Mengenai Saya

Minggu, 30 Desember 2012

Terorisme, Pemuda, dan Ancaman NKRI


Di tengah optimisme memperingati sumpah pemuda yang jatuh pada 28 oktober kemaren, rakyat Indonesia kembali dikejutkan oleh aksi Detasemen Khusus (Densus) 88 yang membongkar suatu kelompok yang dinamakan Harakah Sunni untuk Masyarakat Indonesia (Hasmi). Dalam aksi itu, sebelas orang yang dituduh akan mengadakan serangan ke berbagai tempat strategis berhasil ditangkap. Salah seorang di antaranya adalah Achmad Abu Hanifah, 30, yang disebut-sebut sebagai pentolan kelompok terduga teroris Hasmi. (JP dan Harian Surya, 28/10/2012)
Selain nama Achmad, Agus Anton Figian, 31, juga menjadi tersangka teroris yang ditangkap di Madiun. Salah seorang alumni Fakultas MIPA Universitas Jember yang ketika menjadi mahasiswa sempat aktif di organisasi HMI, Agus berpindah alur mengikuti organisasi NII yang dianggap mempunyai prinsip bertentangan dengan HMI. Sehingga akhirnya, tak pernah lagi aktif sebagai anggota HMI. Dapat diduga, bahwa mayoritas anggota yang ikut dalam keroganisasian semaca NII dan Hasmi, dulunya adalah seorang mahasiswa yang aktif di berbagai organisasi mahasiswa semisal PMII, HMI, Kammi dan GMNI. Karakter dan semangat kepemudaan sebagai agent of chenge dan agent of social control menjadi sasaran utama bagi organisasi NII untuk direkrut sebagai anggota yang pada akhirnya akan menentang keutuhan NII. Sebuah segmen masyarakat yang bagi kita cukup tragis jika tetap berlanjut.
Dalam pada itu, narasi gerakan semacam NII yang berorientasi membentuk negara Islam dan merubah ideologi serta hukum yang ada di Indonesia menjadi negara yang mempunyai ideologi Islam sehingga dalam penerapan hukumnya yang menggunakan konsep syari’at Islam pada akhirnya akan mengancam keutuhan NKRI. Di saat itulah akan mucul suatu fakta yang pernah di sebut Dom Helder Camara sebagai spiral of violence (spiral kekerasan). Di mana di dalamnya terdapat sebuah resistensi dari kelompok minoritas seperti NII terhadap pemerintah Indonesia, begitupun pada akhirnya akan juga bertentangan dengan pemerintah. Sebuah gerakan Islamisasi yang akan berujung pada kekrasan antar golongan, bahkan juga antar agama ini benar-benar menjadi hambatan bagi keberlangsungan negara Indonesia. Di tengah ruetnya persoalan hukum, politik dan sosial, ternyata masih harus ada fenomena kekerasan semacam ini. Kekerasan yang akan menguak sisi kemanusiaan kita.

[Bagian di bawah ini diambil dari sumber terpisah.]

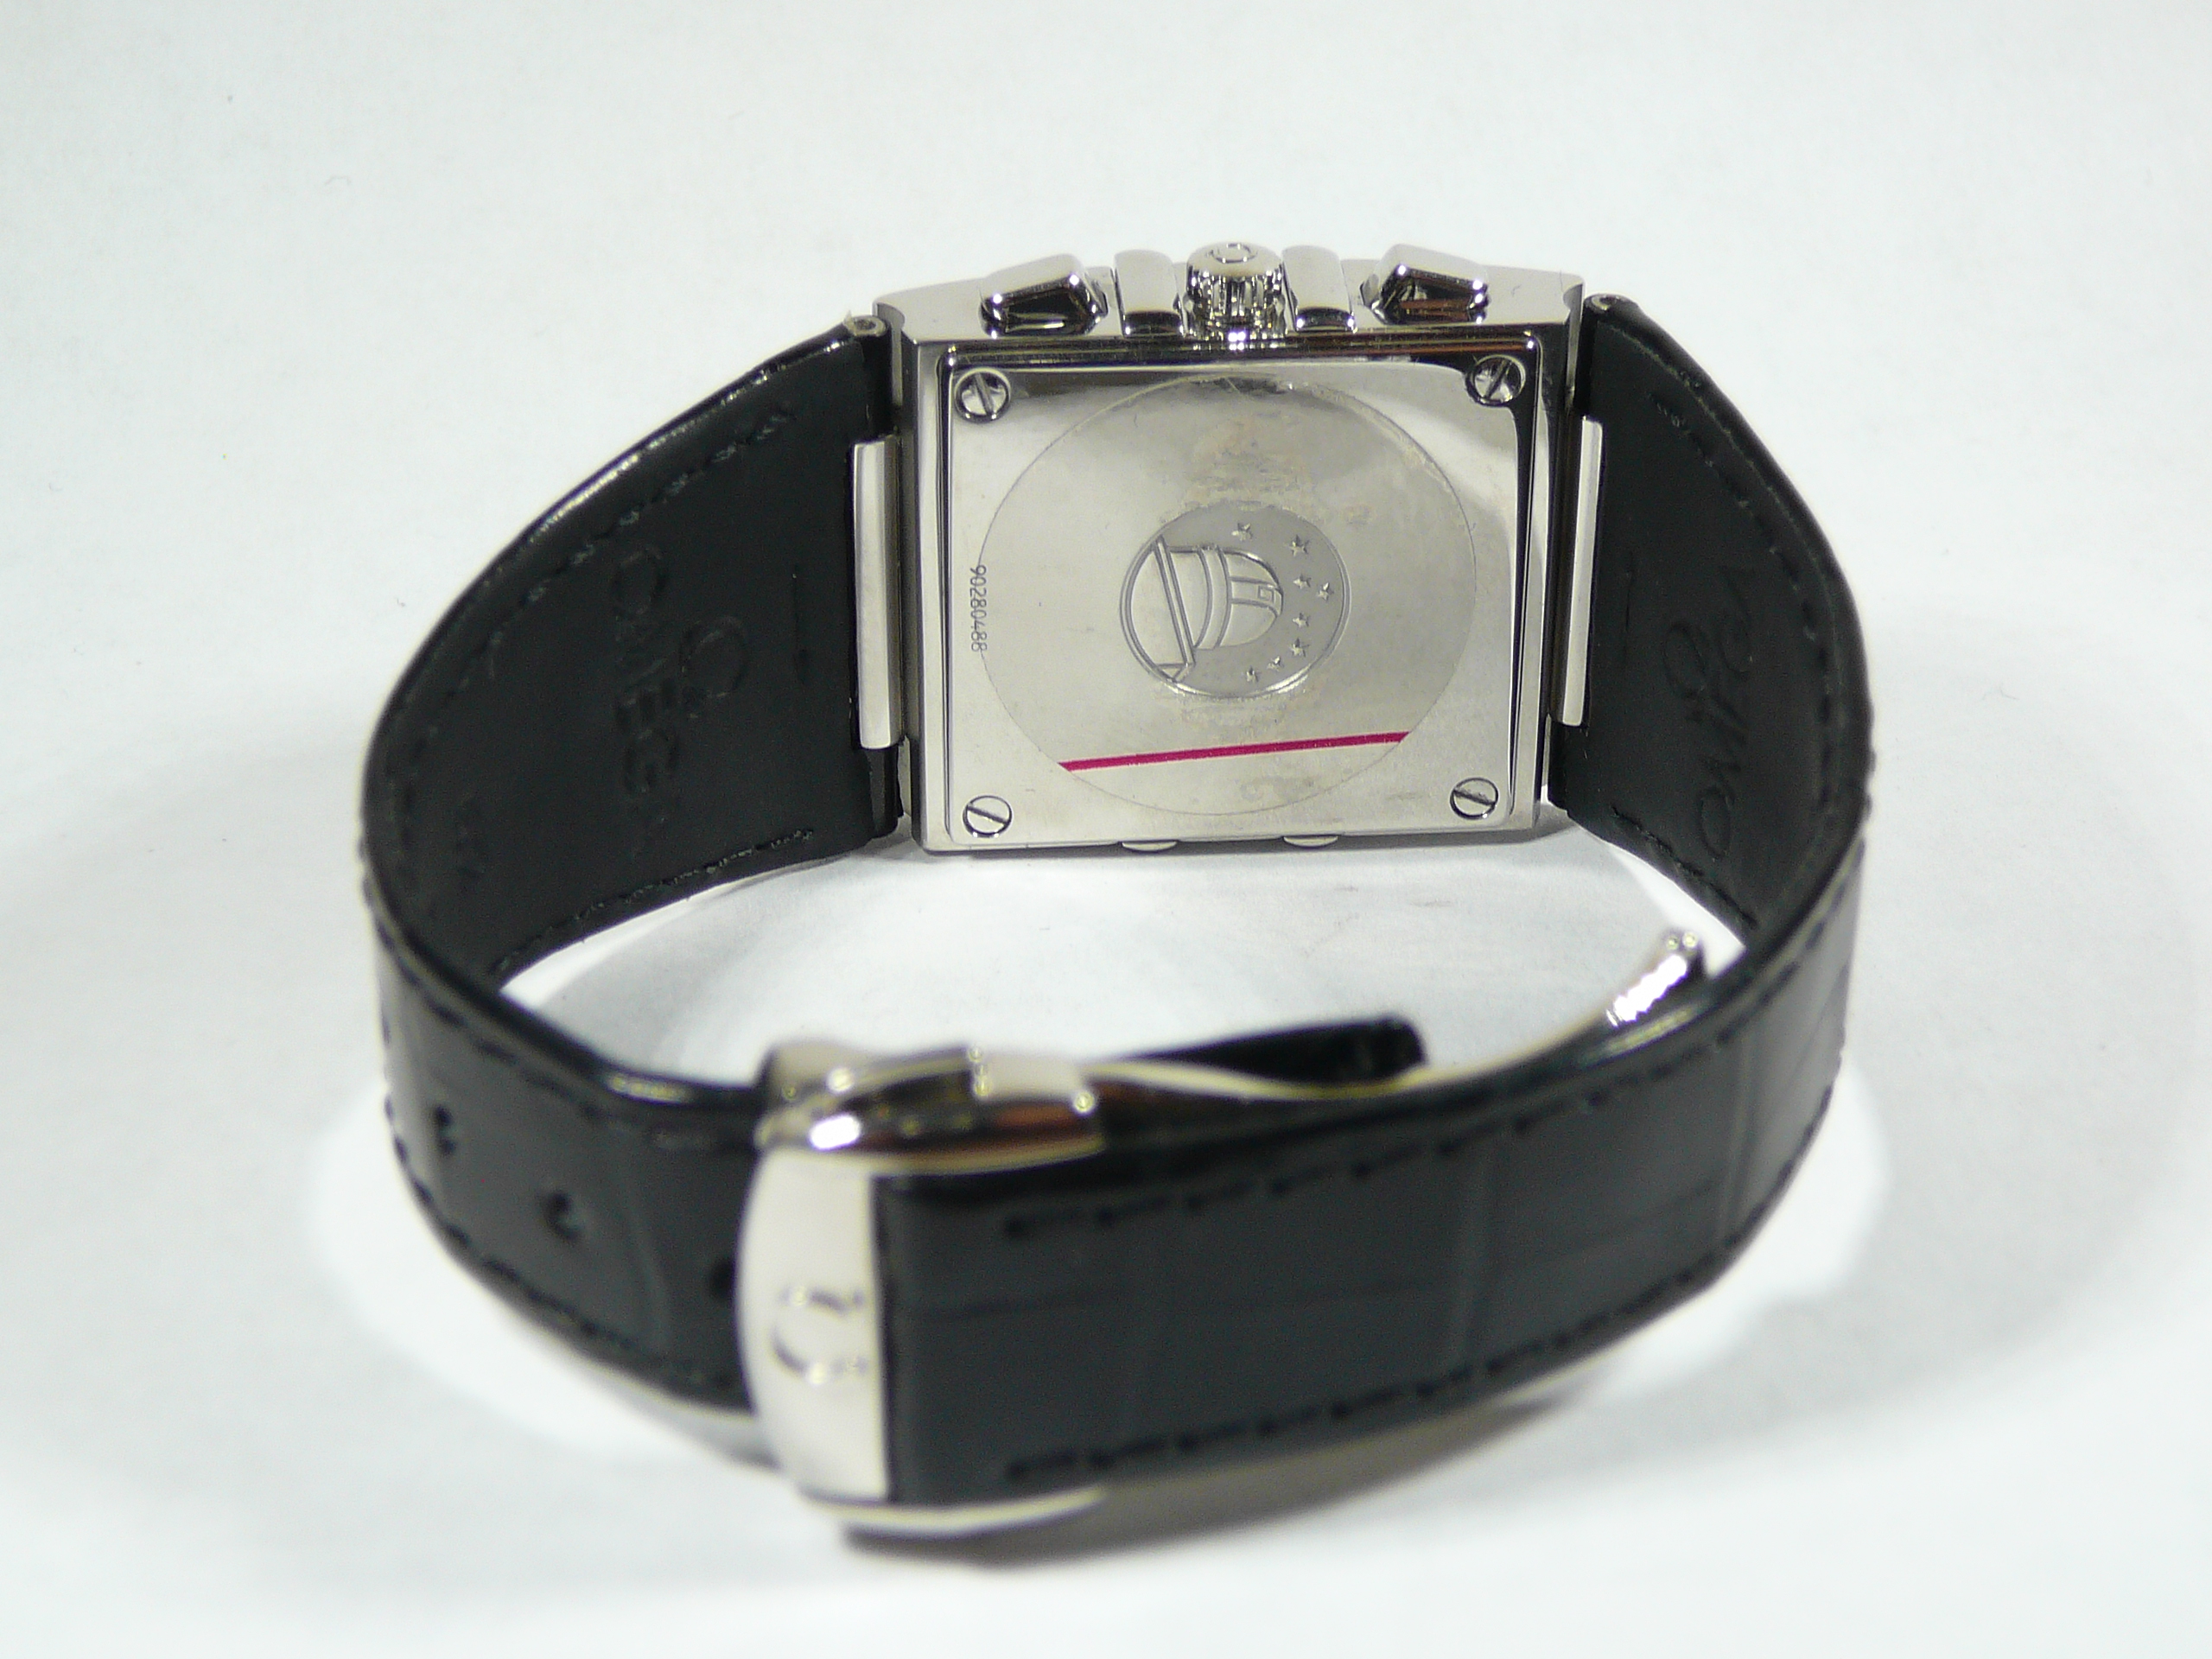 Ladies Omega Wrist Watch - Image 4 of 4

Menurut hemat penulis, ada tiga kecenderungan terbentuknya organisasi yang mendoktrin agar dapat didirikan negara Islam. Pertama, adanya ketidakmampuan pemerintah dalam menegakkan hukum yang ada di Indonesia. Mengingat selama ini banyak penegak hukum yang tidak menjalankan hukum sesuai dengan koridor berbangsa dan bernegara, seperti ketidakadilan dalam hukum, sehingga di dalamnya akan muncul golongan minoritas yang pada akhirnya juga akan menuntut hak-hak dasar kemanusiaan mereka. Jika hak-hak tersebut tidak dapat dipenuhi oleh negara, maka golongan tersebut akan melakukan tindakan yang dianggap ekstrim.

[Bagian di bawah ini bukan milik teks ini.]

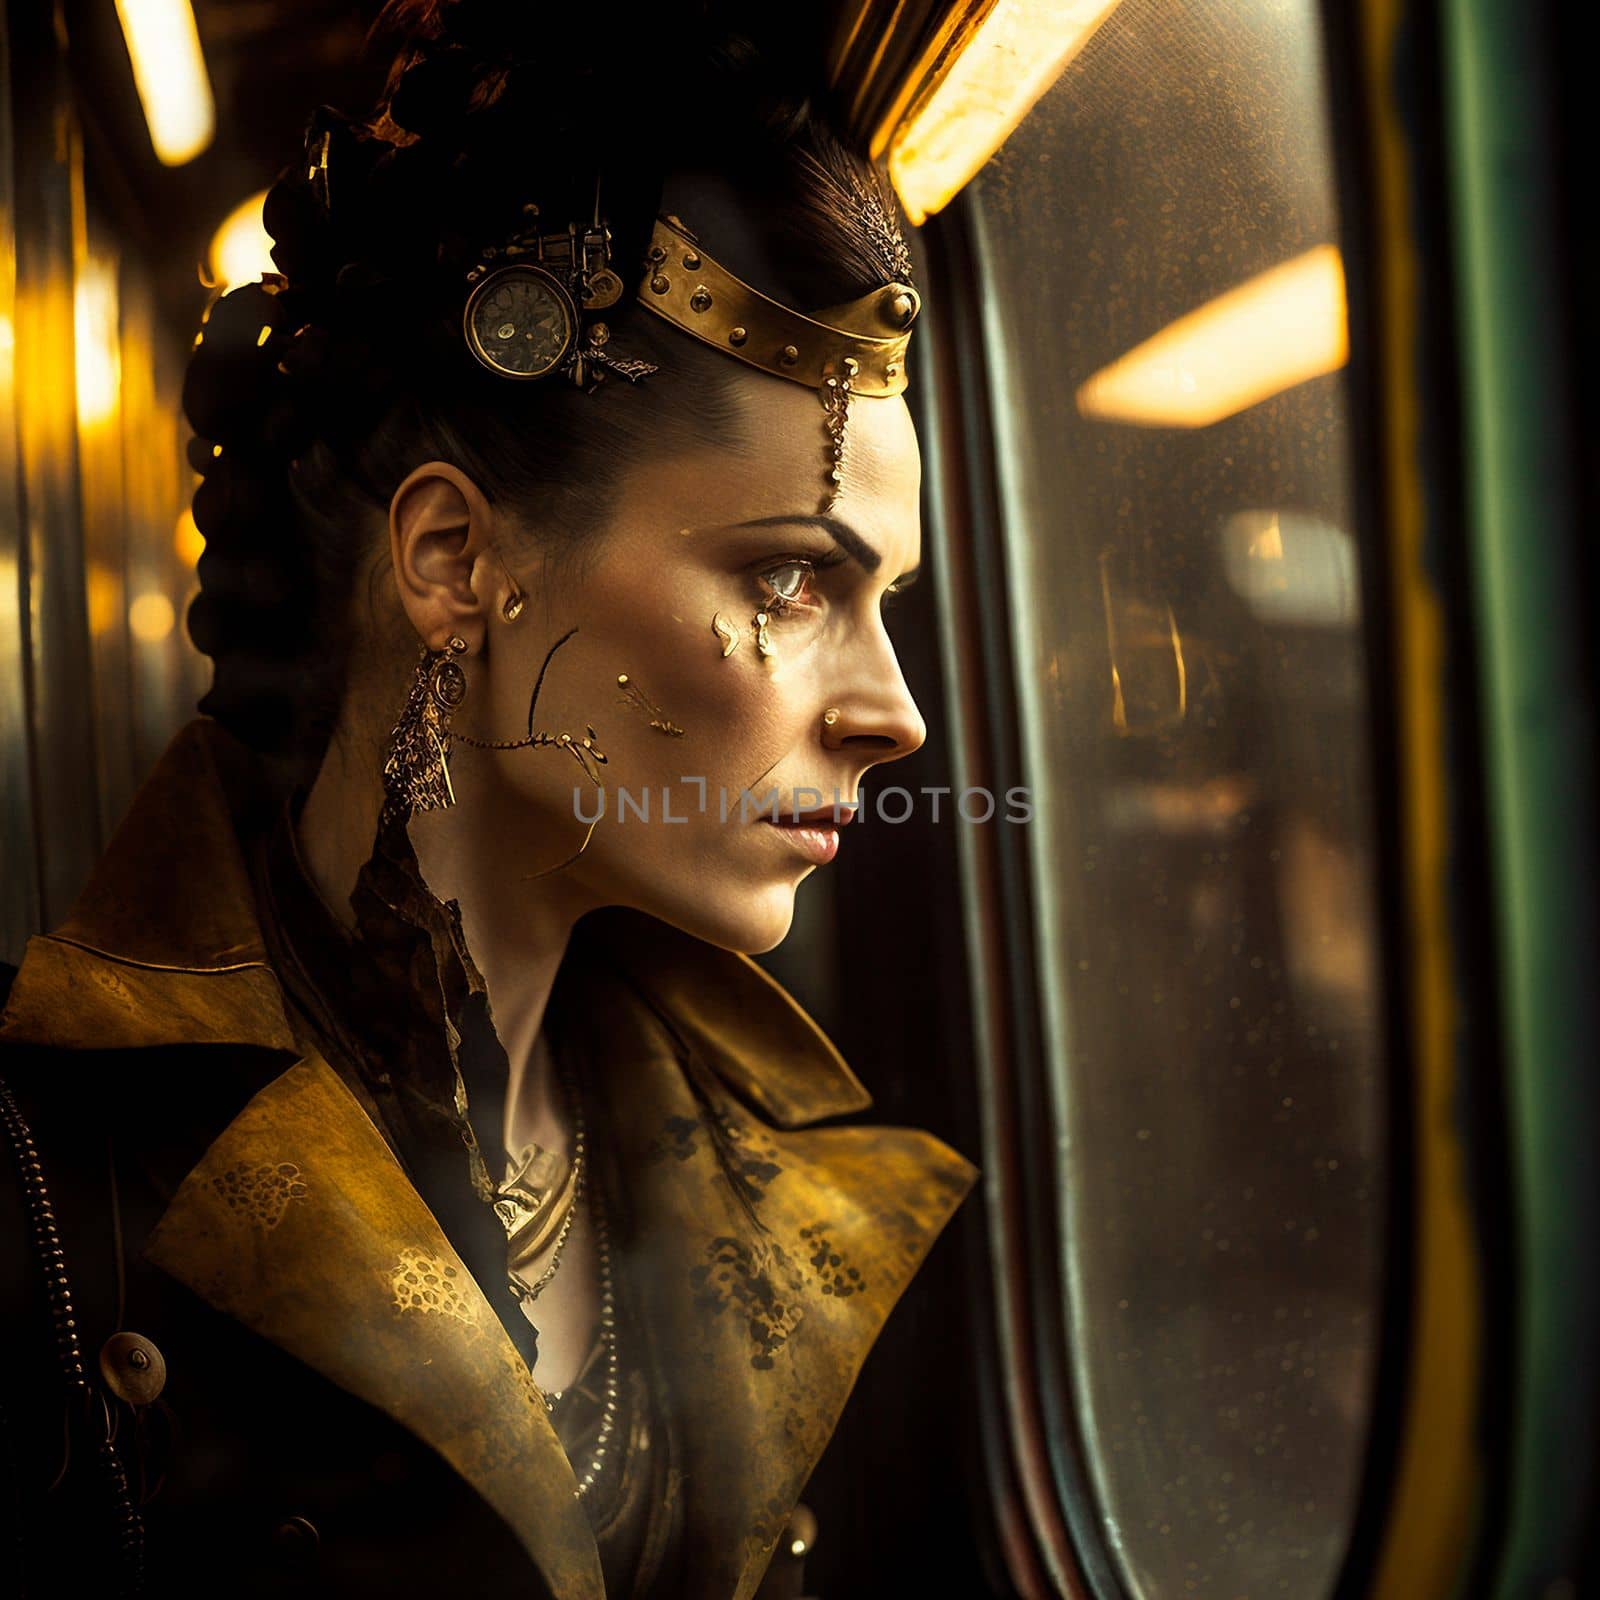 The woman is on the train. Cyberpunk art by NeuroSky

Kedua, romantisme berlebihan terhadap sejarah pemerintahan kelam. Buku-buku biografi tokoh yang menceritakan tentang masa keemasan Islam dulu menjadi bahan rujukan untuk menerapkan ideologi Islam. Mereka menganggap bahwa penerapan kebijakan mengenai hukum dan politik yang ada pada masa kepemimpinan khalifah masih dianggap final. Dan menerapkannya pada era kini merupakan tindakan yang menurut pandangan kalangan romantisis itu adalah suatu tindakan yang benar. Bahkan dianggap akan memperoleh pahala di sisi tuhan karena telah menjalankan perintah yang ada di dalam teks suci itu, seperti keharusan mempunyai pemimpin beragama Islam.
Ketiga, adanya doktrin dari teks kitab suci yang hanya dimaknai secara tekstualistik, semisal adanya penjelasan bahwa pemimpin harus dari kalangan Islam sehingga dalam penerapan hukum maupun politik di dalamnya merujuk pada konsep syariah Islam. Partai-partai politik yang tidak lahir dari ideologi Islam akan diberangus dan pada akhirnya dalam penerapan praktis berpolitik harus berlandaskan pada azas-azas keislaman. Nuansa berpolitik demikian dimimpikan akan membentuk iklim politik yang persis seperti masa kekhalifahan di negara-negara timur tengah.
Setidaknya, bergambar pada kecenderungan di atas juga akan mempengaruhi stabilitas politik di Indonesia. Lembaga-lembaga sosial termasuk di dalamnya lembaga pemerintahan menjadi sasaran empuk guna menerapkan konsep hukum dan politik yang berlandaskan pada nilai-nilai keislaman.  Lembaga-lembaga sosial ini akan merubah fungsi tak lebih dari sebuah masjid yang di dalamnya terdapat jama’at ibadah dan hubungan antara manusia dengan tuhan (hablum minallah), dan tanpa memperhatikan urusan keduniawian yang dikenal dengan faham Jabariyah.
Lebih jauh, Robert K. Merton dalam teori fungsionalisme sturuktural memandang bahwa dalam lembaga-lembaga sosial mengaharuskan adanya sebuah hubungan yang tanpa konflik. Harmonisasi akan tercipta ketika dalam lembaga-lembaga sosial tersebut mempunyai fungsi yang relevan pada berbagai dinamika zaman. Sebaliknya jika fungsi dari lembaga-lembaga sosial tersebut sudah tidak ada, pada akhirnya akan hilang ditelan peradaban dan zaman.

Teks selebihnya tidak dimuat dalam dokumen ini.